Example for these approaches

This example is designed specifically to be a borderline case. Only one method (proof-full) manages to show that the cluster is not overcommitted.

Assume that a cluster has four 32 gigabyte (GB) hosts. Host memory reserve is set to 9 GB. A 64-MB buffer is not added to virtual machine sizes in this example just to keep the numbers simpler. Cluster reserve (R) is set to 2.

Host Virtual machine settings AvailableMemory HAVMs Largest VM
Host A 4 GB HA, 4 GB HA 15 GB 8 GB 4 GB
Host B 4 GB HA, 4 GB HA 15 GB 8 GB 4 GB
Host C 8 GB HA, 8 GB non-HA 7 GB 8 GB 8 GB
Host D 6 GB non-HA, 2 GB HA, 2 GB HA 13 GB 4 GB 2 GB

Slot-simple example

Slot size = 8 GB

Host AvailableSlots UsedSlots TotalSlots
Host A 1 2 3
Host B 1 2 3
Host C 0 1 1
Host D 1 2 3

From the table, we know the following values:

  • TotalSlotsRemaining = two smallest values of TotalSlots = (1+3) = 4
  • TotalUsedSlots = 2+2+2+1 = 7

Because TotalUsedSlots is larger than TotalSlotsRemaining, the approach failed.

Slot-full example

TotalUsedSlots = 7, regardless of which hosts fail

Failing hosts Slot size AvailableSlots on remaining hosts TotalSlots on remaining hosts
A, B 4 GB C: 1, D: 3 C: 2, D: 5. Total: 7 - Good
A, C 8 GB B: 1, D: 1 B: 3, D: 3. Total: 6 - Failed
A, D 4 GB B: 3, C: 1 B: 5, C: 2. Total: 7 - Good
B, C 8 GB A: 1, D: 1 A: 3, D: 3. Total: 6 - Failed
B, D 4 GB A: 3, C: 1 A: 5, C: 2. Total: 7 - Good
C, D 8 GB A: 1, B: 1 A: 3, B: 3. Total: 6 - Failed

As some sets of failing hosts led to TotalUsedSlots > TotalSlotsRemaining, the approach has failed.

Proof-simple example

LargestClusterVM = 8 GB

Host AdditionalMemory
Host A 7 GB
Host B 7 GB
Host C 0 GB
Host D 5 GB

From the table, we know the following values:

  • TotalAdditionalSpace = two smallest values of AdditionalMemory = 0 GB + 5 GB = 5 GB.
  • TotalOrphanedVMs = (8 GB + 8 GB) - 8 GB = 8 GB.
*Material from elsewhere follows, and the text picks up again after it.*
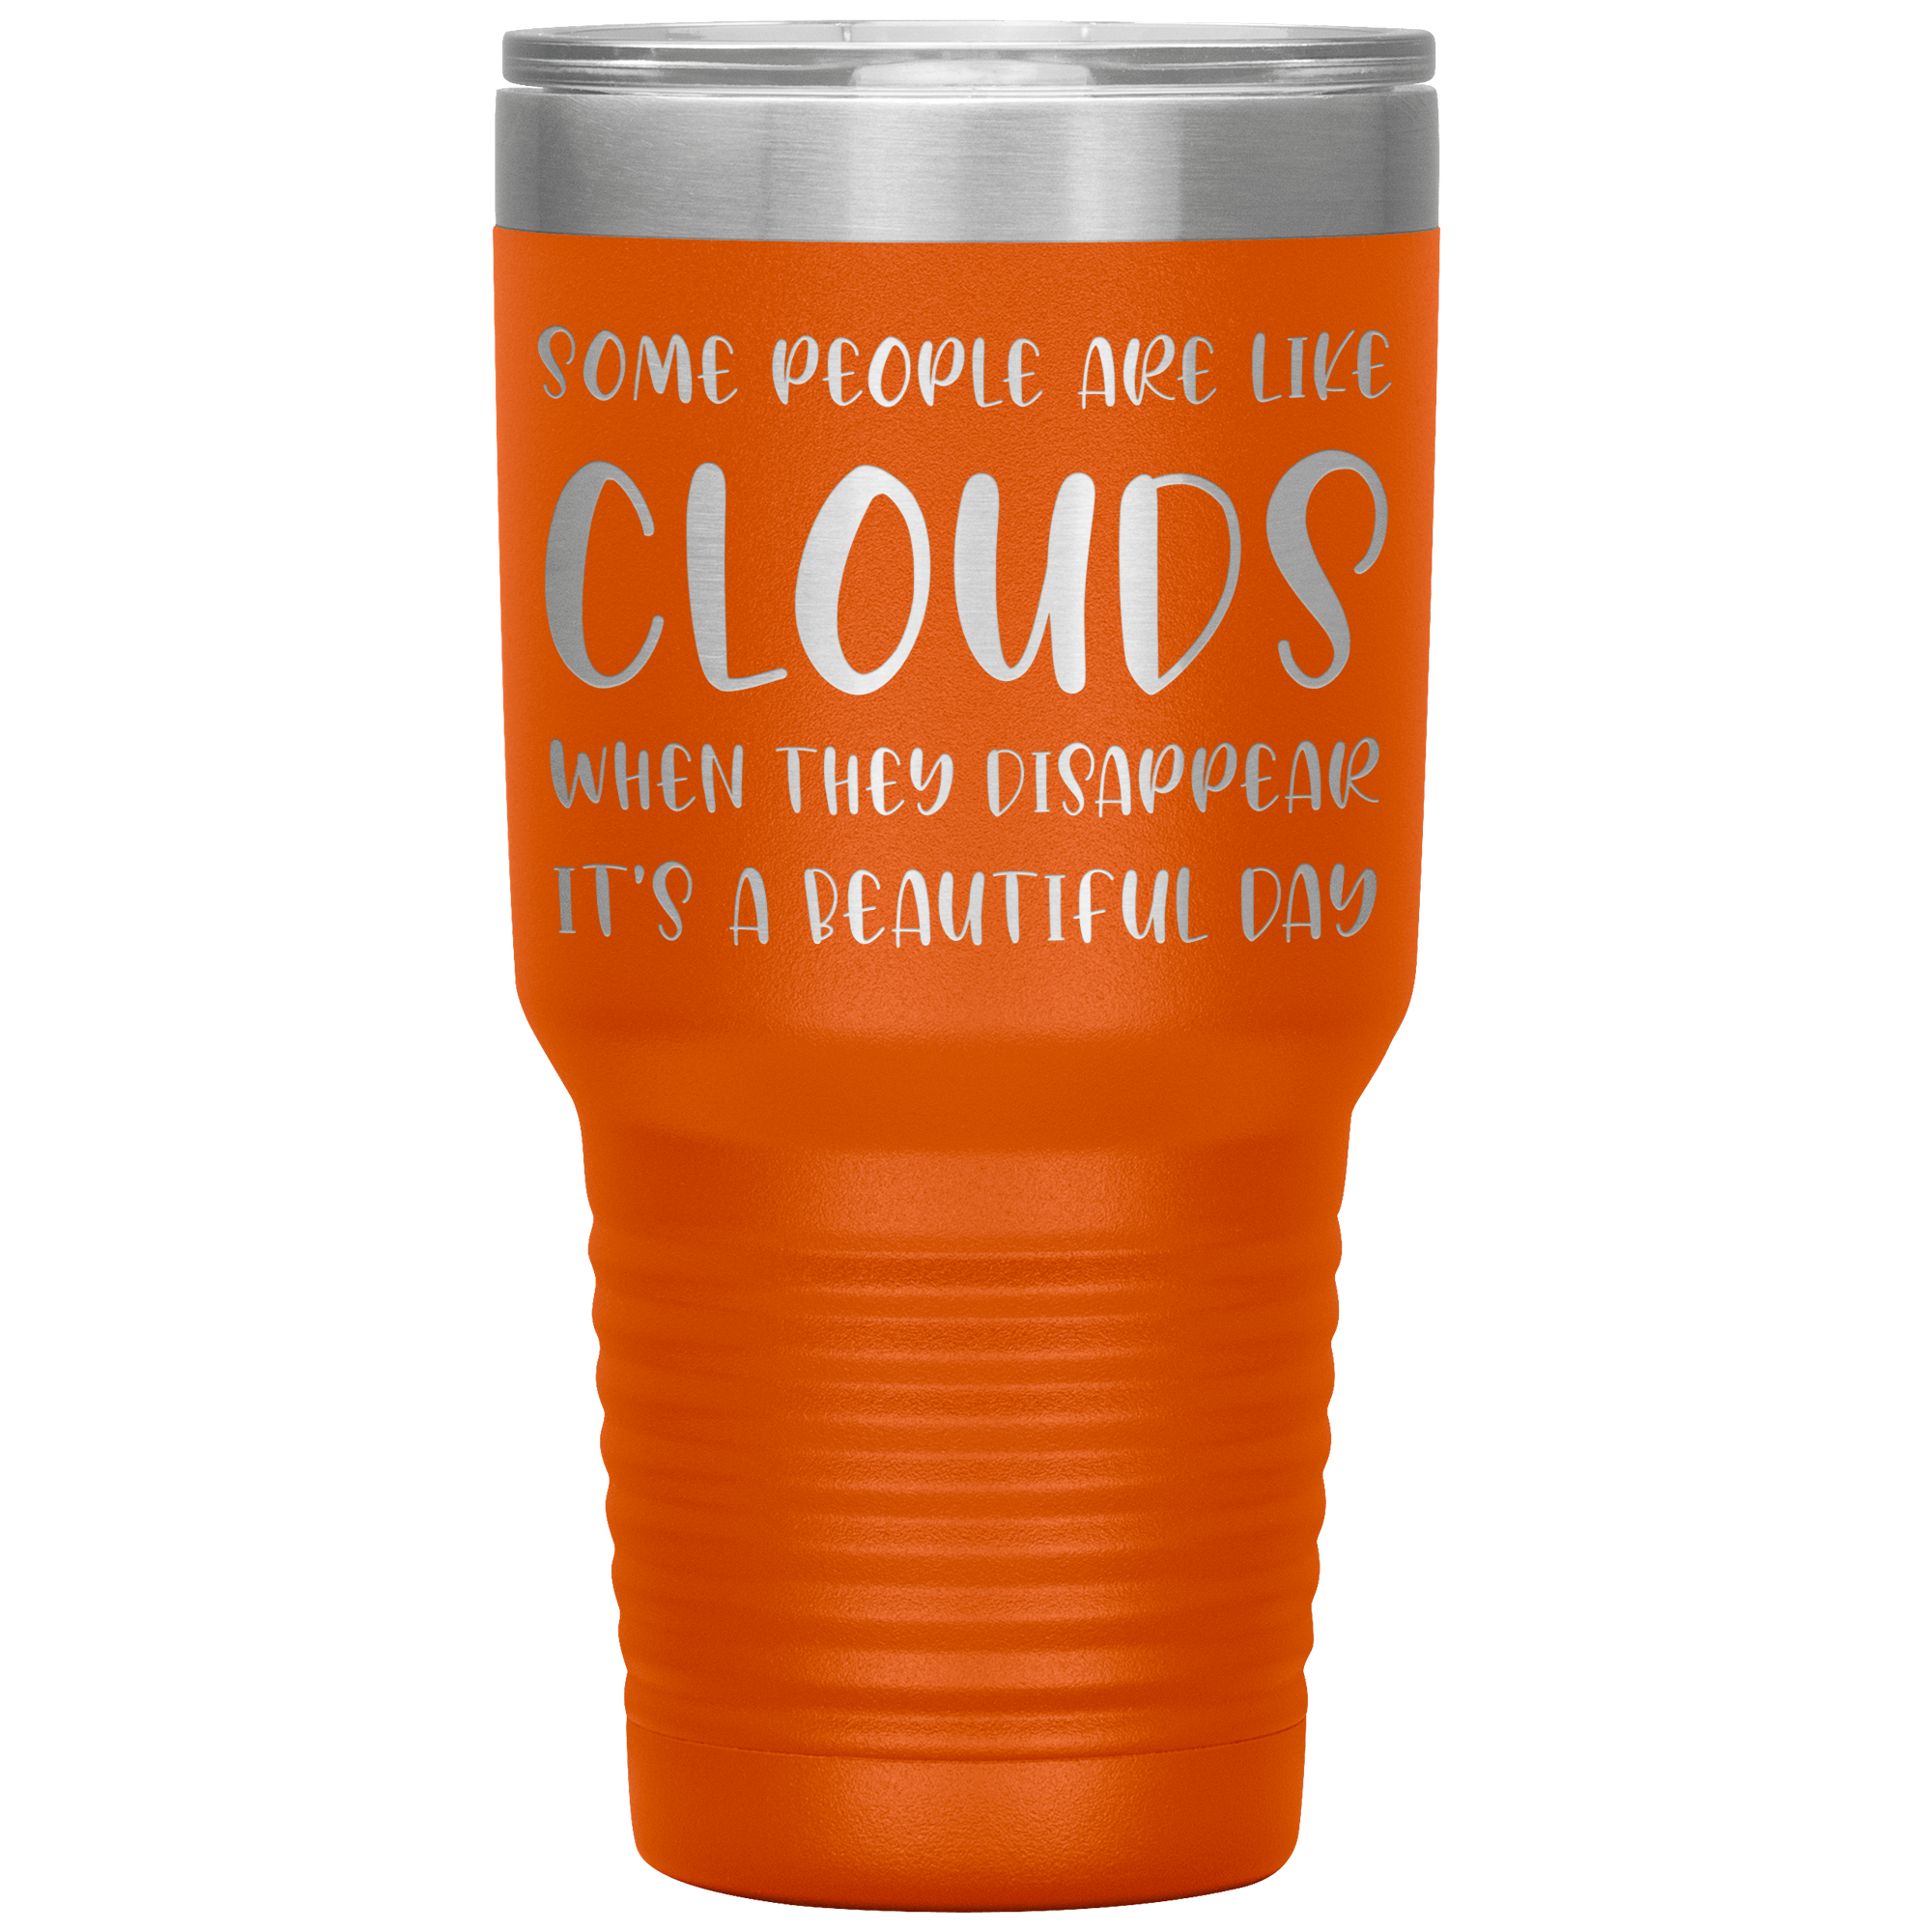 " SOME PEOPLE ARE LIKE CLOUDS " TUMBLER

Because TotalOrpanedVMsMB > TotalAdditionalSpace, the approach has failed.

Proof-full example

Failing hosts LargestHAVM AdditionalMemory OrphanedVMs OrphanedVMs - LargestHAVM <= AdditionalMemory
A, B 4 GB C: 3, D: 9. Total 12. A: 8, B: 8, Total 16. 16-4<=12 - Good
A, C 8 GB B: 7, D: 5. Total 12. A: 8, C: 8, Total 16. 16-8<=12 - Good
A, D 4 GB B: 11, C: 3. Total 14. A: 8, D: 4, Total 12. 12-4<=14 - Good
B, C 8 GB A: 7, D: 5. Total 12. B: 8, C: 8, Total 16. 16-8<=12 - Good
B, D 4 GB A: 11, C: 3. Total 14. B: 8, D: 4, Total 12. 12-4<=14 - Good
C, D 8 GB A: 7, B: 7. Total 14. C: 8, D: 4, Total 12. 12-8<=14 - Good

Because every set of failing hosts led to OrphanedVMs - LargestHAVM <= AdditionalMemory, the approach succeeded, and the whole cluster can be marked as OK.